Aunque el diestro de Galapagar abarrotó la plaza más grande del mundo el pasado mes de enero, José Tomás desilusiono a los más de 45 mil espectadores que acudieron esa tarde. Ahí acabó para siempre el romance entre el público mexicano y el mito.
Sin embargo esto poco importa entre su legion de seguidores en España, ya que la expectacion se ha desbordado nuevamente en Jerez con su regreso a la Feria del Caballo, en lo que será sin duda el cartel más esperado de un taurino fin de semana.
José Tomás ha escogido el coso jerezano para iniciar una –supuesta- corta y discreta temporada tras una desastrosa reaparición en suelos mexicanos, en donde la prensa en general califico su actuación como de un rotundo fracasó.
De momento en España, más allá de su actuación en Jerez, sólo se ha confirmado su presencia en la Feria de Hogueras de Alicante y se especula su inclusión en Huelva y Valladolid después de descartar su actuación en la Feria de la Salud de Córdoba.
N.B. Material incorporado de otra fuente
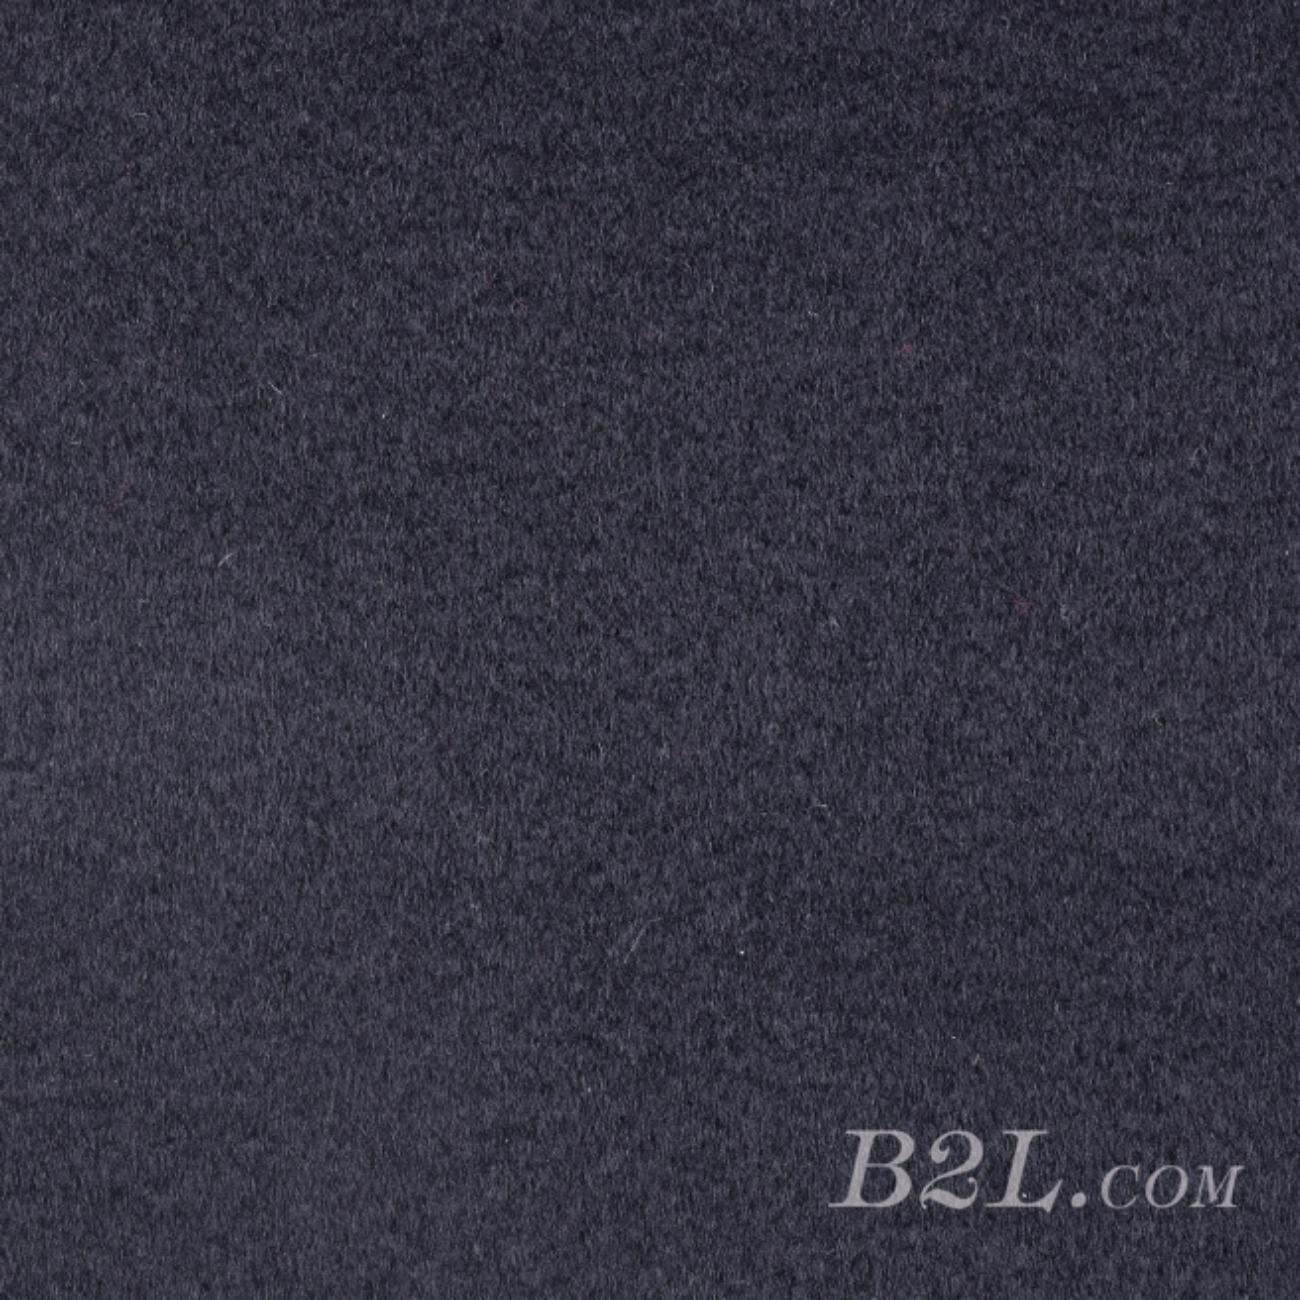 毛紡 梭織 染色 絨感 秋冬 大衣 外套  90921-21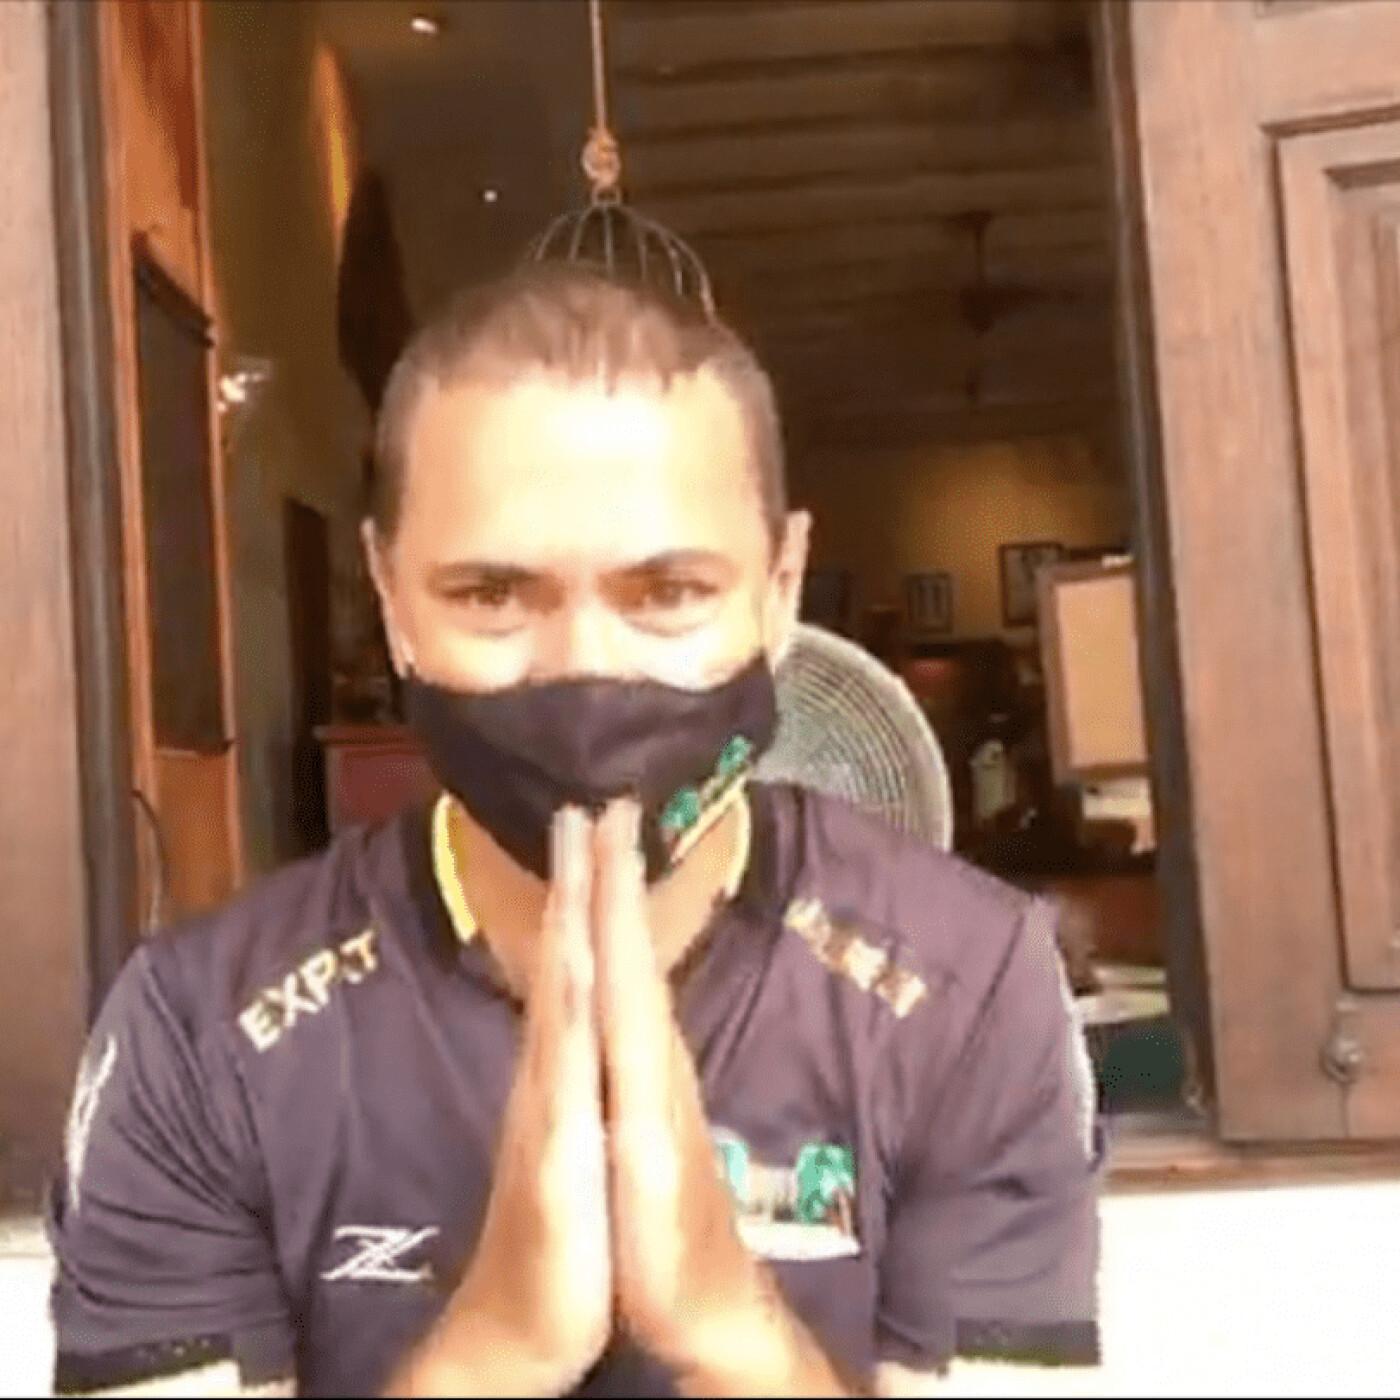 Romain en Thaïlande parle de sa chaine Twitch Expat Malgré lui - 01 10 2021 - StereoChic Radio

Antes de su ultimo festejo en la Plaza México, sólo había toreado una corrida en el 2015 en la plaza de Aguascalientes.
Con todo esto, el nombre de José Tomás ha vuelto a desbordar todas las previsiones económicas de la empresa de Jerez, que vendió todos los abonos y localidades disponibles poco tiempo después de publicarse los carteles oficiales.
Pero no todo es de color para el ciclo jerezano, ya que su afición permanece pendiente de la evolución meteorológica para este fin de semana. Los partes oficiales siguen siendo muy desalentadores.
Las combinaciones de toros y toreros para el fin de semana taurino en Jerez son las siguientes:
Feria del Caballo de Jerez de la Frontera.
Viernes, 6 de mayo. Toros de Zalduendo para Morante de la Puebla, Alejandro Talavante y Alberto López Simón.
Sábado, 7 de mayo. Toros de Núñez del Cuvillo para Juan José Padilla, José Tomás y José María Manzanares.